Waikiki Aquarium will receive $2,000 to purchase ocean-bottom monitors and sonic tags to electronically track marine animals, giving students experience in marine ecology, research methods and conservative biology.

Molecular Biosciences and Bioengineering will use its $3,500 to buy a barcode printer and CELL (electronic subscription) to update labeling and tracking of department search and training projects.

Environmental Health and Safety plans to use its $1,800 to purchase a computer for PowerPoint/multimedia training presentations.

Windward Community College will buy tables and benches with its $1,500 grant to provide outdoor gathering sites for students.

• The Hawai'i State Chapter of the American Red Cross has been awarded a $5,000 grant from the Alexander & Baldwin Foundation to support its ongoing disaster relief and emergency preparedness programs. Over the past 14 years the foundation has contributed $100,000 to the agency.

The Red Cross of Hawai'i is a humanitarian organization, led by volunteers, that provides relief to victims of disaster, emergency communications, and helps people prevent, prepare for and respond to emergencies. All Red Cross assistance is free and is made possible by donations.

• Read Aloud America has received a grant of $5,000 from the G.N. Wilcox Trust to conduct the program at a public school this spring.

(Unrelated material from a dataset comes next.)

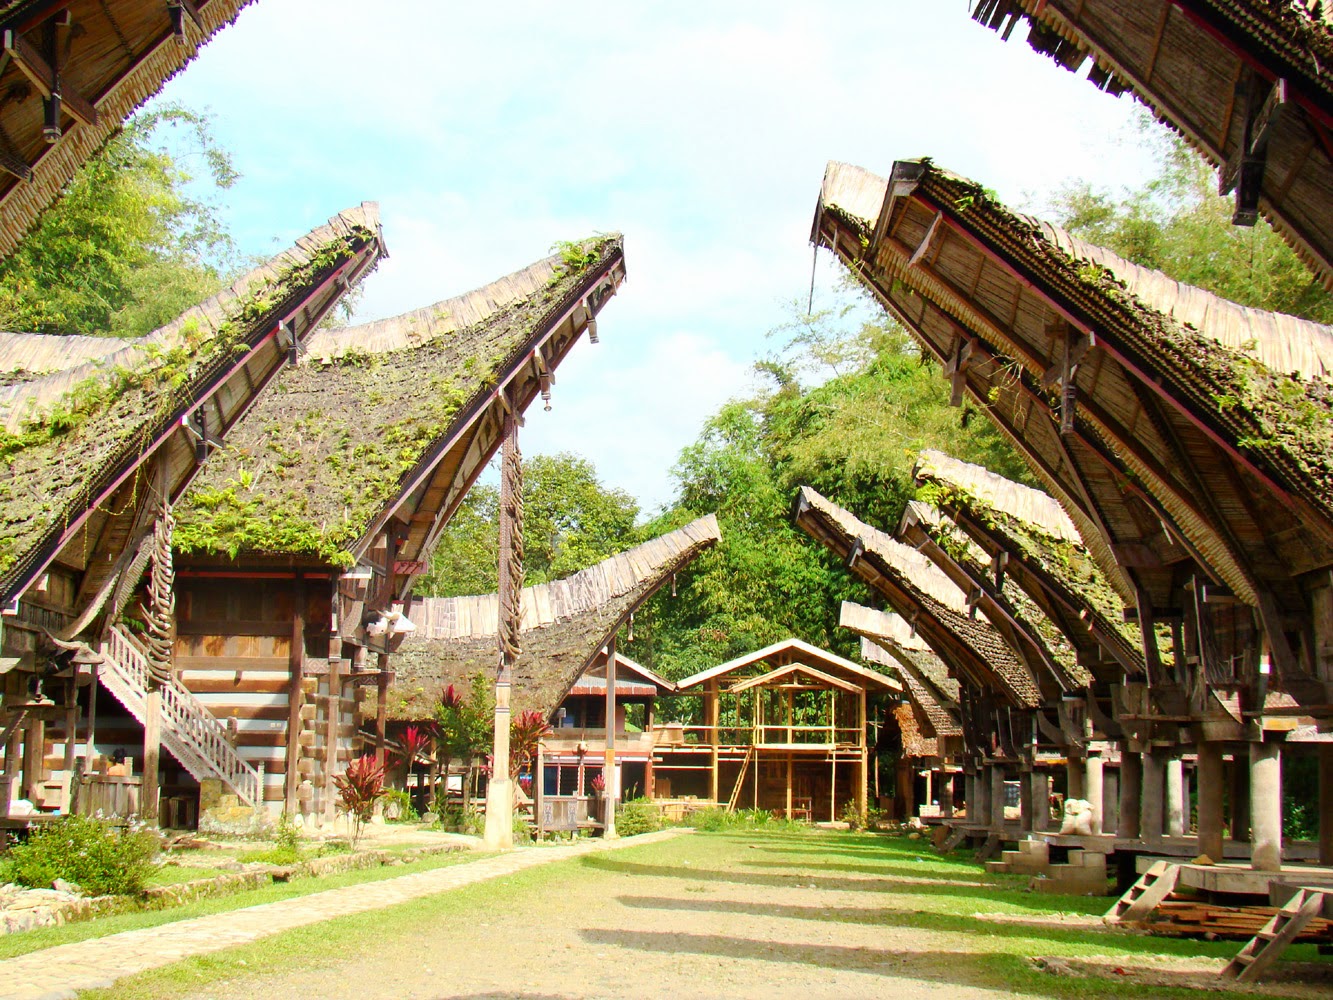  Rumah  Tradisional dalam Arsitektur Kuno Austronesia 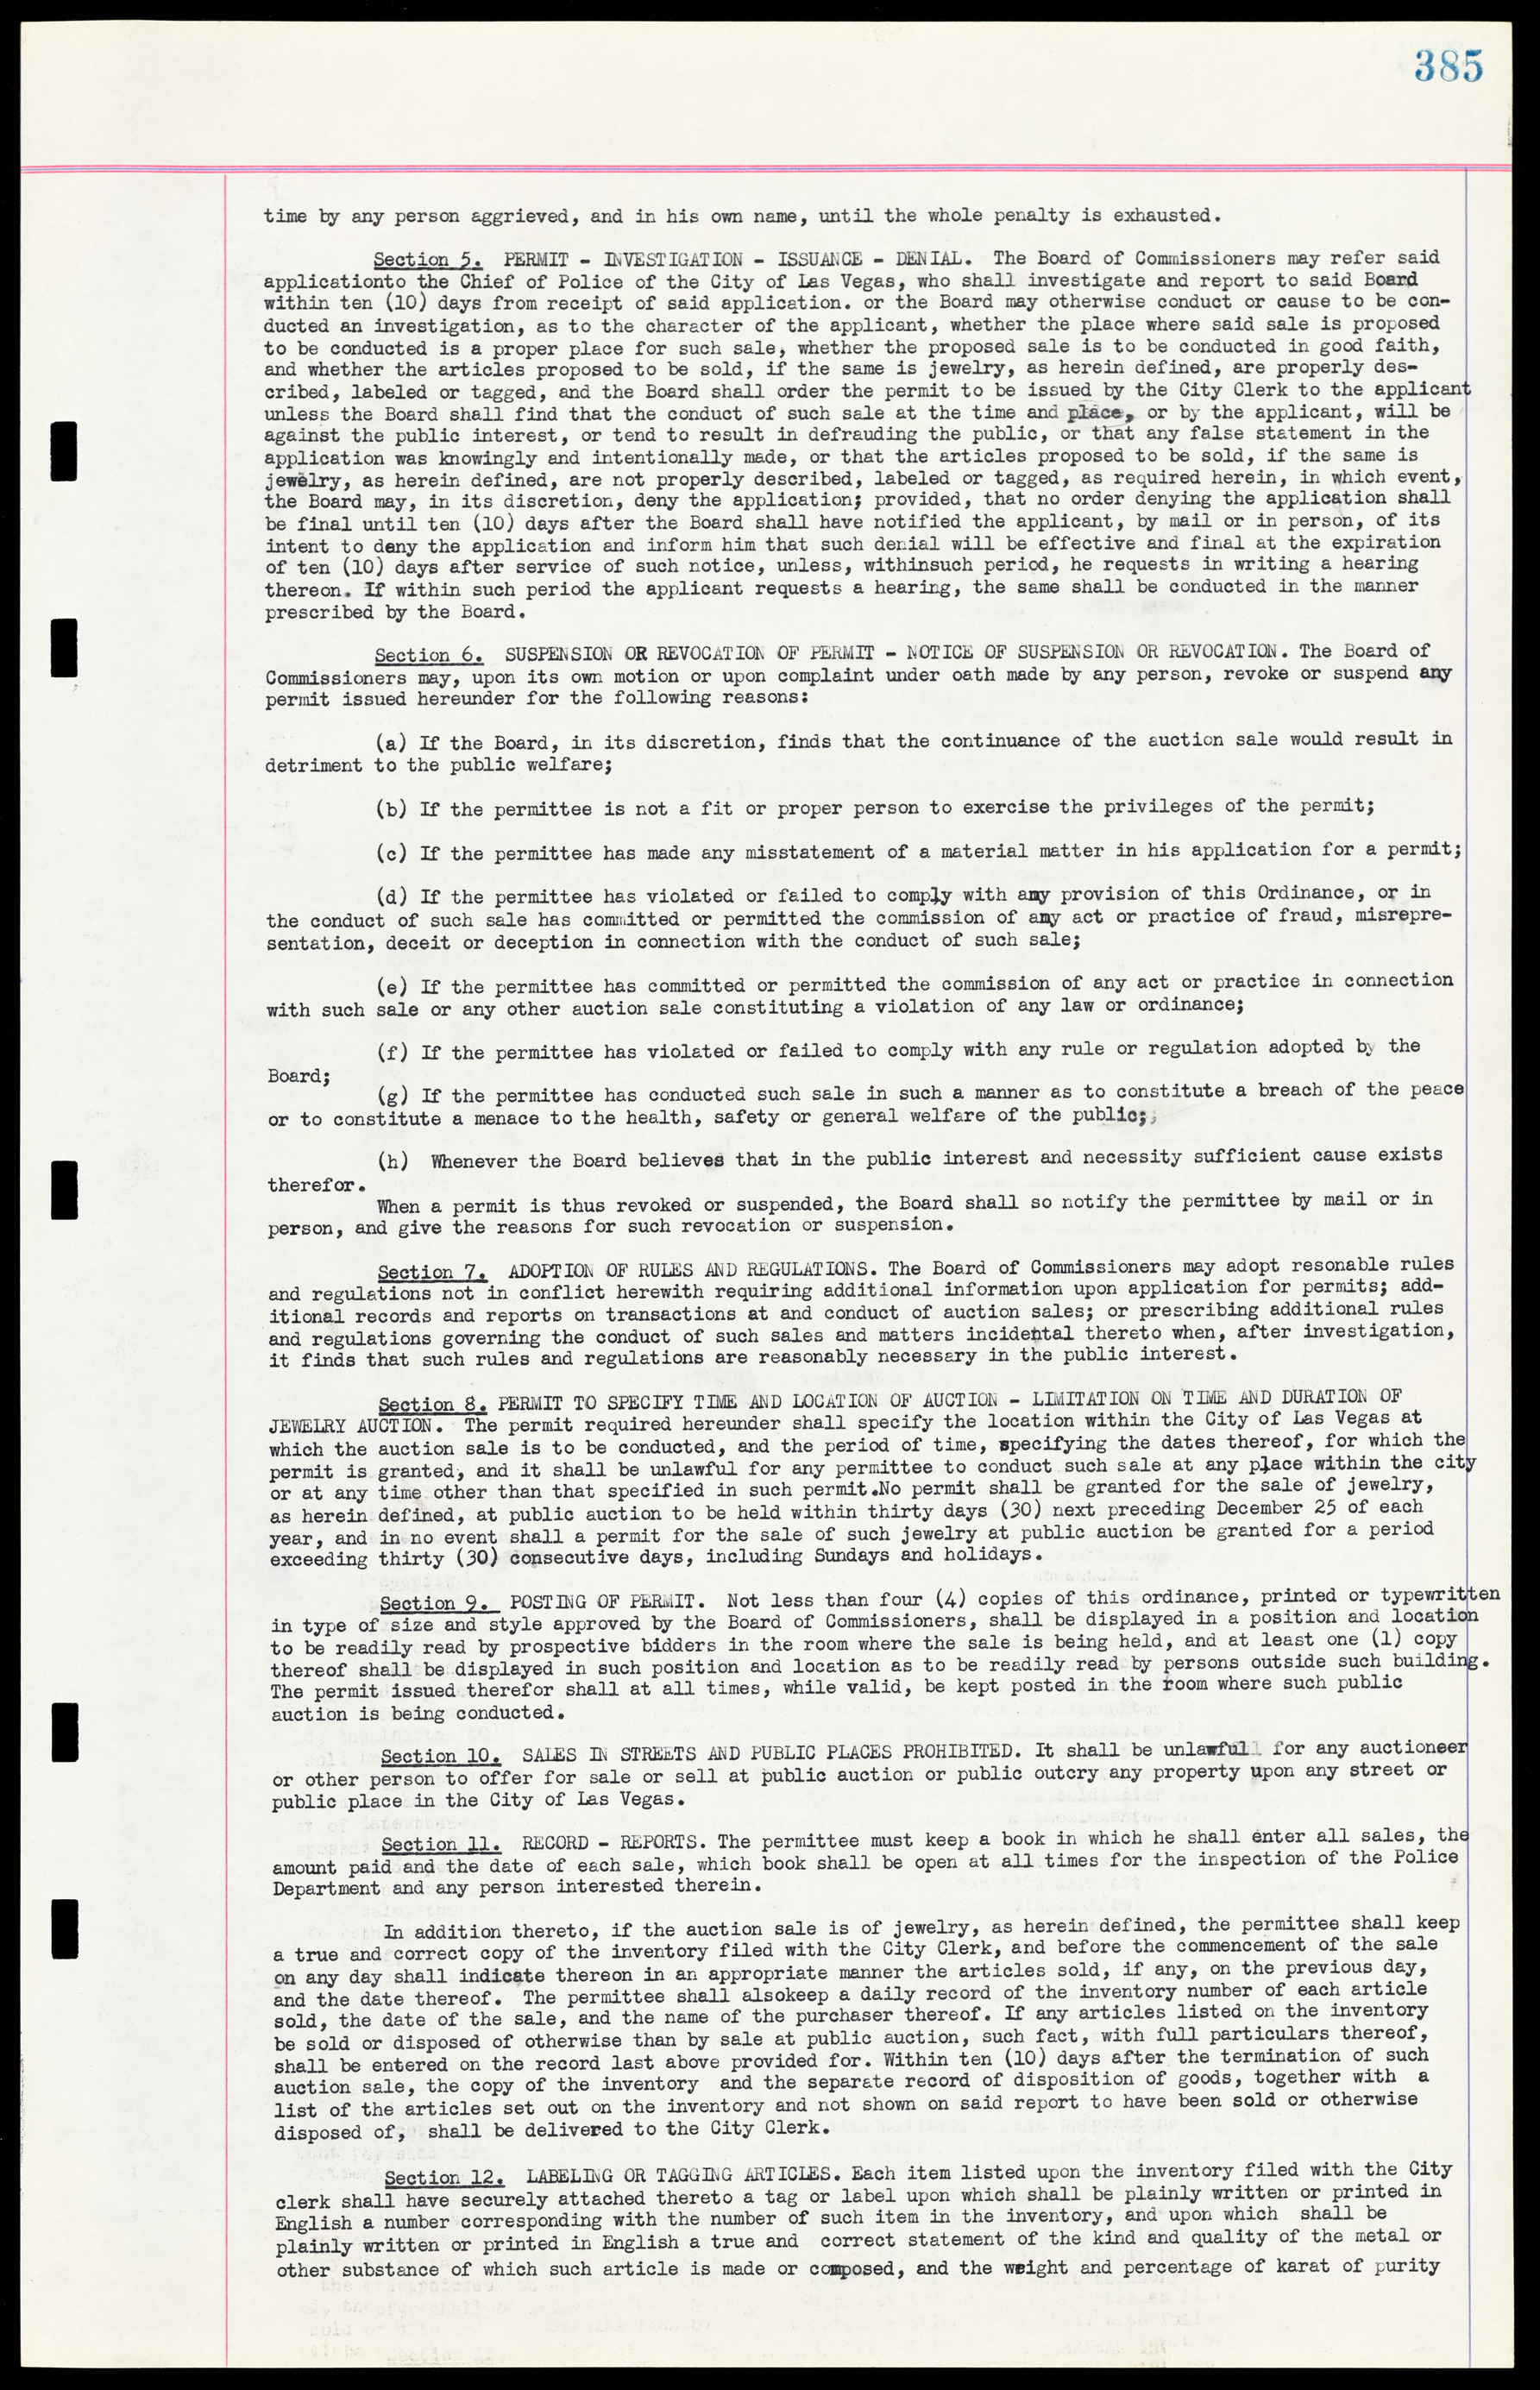 Las Vegas City Ordinances, March 31, 1933 to October 25, 1950, lvc000014-414

The trust, created in 1916 by philanthropist, businessman and state legislator George Norton Wilcox, supports a broad scope of services in Hawai'i, including programs in culture and the arts, education, health and the environment.

The Read Aloud Program is a family literacy program designed to create communities of lifelong readers. RAP brings families together twice a month during one school semester to share the pleasure and enrichment of reading and reading along.

• The Mental Health Association in Hawai'i has received contributions and grants totaling $12,500 from the following organizations: Pfizer Inc., $4,000; AstraZeneca, $3,000 for their "InnerVIEW Hawai'i" newsletter; Hawaii Medical Service Association, $1,000; GlaxoSmithKline, $1,000; Servco Foundation, $1,000; and Pharmaceutical Research and Manufacturers of America, $2,500 for a primary-care depression screening roundtable.

The Mental Health Association in Hawai'i, an Aloha United Way agency, works through public education and community action to end the myths and misconceptions about mental illnesses and to improve mental health services in Hawai'i.